- [EXERCISE BRIEF]:
Below are the records; give again exactly the lines that run from the one with "Video tour de" through the last line.

Data items:
....................

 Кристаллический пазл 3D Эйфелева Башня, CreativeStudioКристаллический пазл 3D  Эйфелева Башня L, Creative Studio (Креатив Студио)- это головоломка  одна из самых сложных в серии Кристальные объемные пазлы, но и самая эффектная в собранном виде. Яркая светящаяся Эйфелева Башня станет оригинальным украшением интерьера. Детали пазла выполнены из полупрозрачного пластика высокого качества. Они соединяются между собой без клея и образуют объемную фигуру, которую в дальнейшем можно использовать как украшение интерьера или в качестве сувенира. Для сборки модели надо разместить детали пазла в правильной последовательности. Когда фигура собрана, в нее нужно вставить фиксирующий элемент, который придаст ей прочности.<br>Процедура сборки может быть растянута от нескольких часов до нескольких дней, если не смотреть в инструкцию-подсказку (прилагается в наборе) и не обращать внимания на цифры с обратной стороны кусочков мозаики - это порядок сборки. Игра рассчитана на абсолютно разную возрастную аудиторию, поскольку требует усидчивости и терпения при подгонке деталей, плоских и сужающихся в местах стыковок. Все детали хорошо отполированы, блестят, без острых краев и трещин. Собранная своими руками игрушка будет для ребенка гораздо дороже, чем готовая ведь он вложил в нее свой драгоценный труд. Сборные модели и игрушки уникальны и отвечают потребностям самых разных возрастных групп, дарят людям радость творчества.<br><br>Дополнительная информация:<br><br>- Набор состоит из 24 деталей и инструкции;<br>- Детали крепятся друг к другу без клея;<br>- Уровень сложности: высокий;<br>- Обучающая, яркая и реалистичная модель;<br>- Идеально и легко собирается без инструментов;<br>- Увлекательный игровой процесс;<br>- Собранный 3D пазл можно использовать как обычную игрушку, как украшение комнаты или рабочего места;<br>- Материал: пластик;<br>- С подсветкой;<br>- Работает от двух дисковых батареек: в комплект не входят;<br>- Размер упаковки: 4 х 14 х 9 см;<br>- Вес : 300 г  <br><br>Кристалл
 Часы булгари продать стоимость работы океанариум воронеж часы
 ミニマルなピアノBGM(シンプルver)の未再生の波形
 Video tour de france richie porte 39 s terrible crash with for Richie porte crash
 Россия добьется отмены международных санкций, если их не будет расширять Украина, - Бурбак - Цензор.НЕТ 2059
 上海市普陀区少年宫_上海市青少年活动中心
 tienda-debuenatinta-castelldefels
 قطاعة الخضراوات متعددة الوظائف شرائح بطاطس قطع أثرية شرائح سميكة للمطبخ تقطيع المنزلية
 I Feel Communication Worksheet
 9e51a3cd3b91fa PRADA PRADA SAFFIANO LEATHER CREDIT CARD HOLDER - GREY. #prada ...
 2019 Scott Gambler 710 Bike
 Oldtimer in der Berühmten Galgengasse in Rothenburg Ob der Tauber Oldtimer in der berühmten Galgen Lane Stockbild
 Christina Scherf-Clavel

....................

- [PROBLEM SOLUTION]:
 Video tour de france richie porte 39 s terrible crash with for Richie porte crash
 Россия добьется отмены международных санкций, если их не будет расширять Украина, - Бурбак - Цензор.НЕТ 2059
 上海市普陀区少年宫_上海市青少年活动中心
 tienda-debuenatinta-castelldefels
 قطاعة الخضراوات متعددة الوظائف شرائح بطاطس قطع أثرية شرائح سميكة للمطبخ تقطيع المنزلية
 I Feel Communication Worksheet
 9e51a3cd3b91fa PRADA PRADA SAFFIANO LEATHER CREDIT CARD HOLDER - GREY. #prada ...
 2019 Scott Gambler 710 Bike
 Oldtimer in der Berühmten Galgengasse in Rothenburg Ob der Tauber Oldtimer in der berühmten Galgen Lane Stockbild
 Christina Scherf-Clavel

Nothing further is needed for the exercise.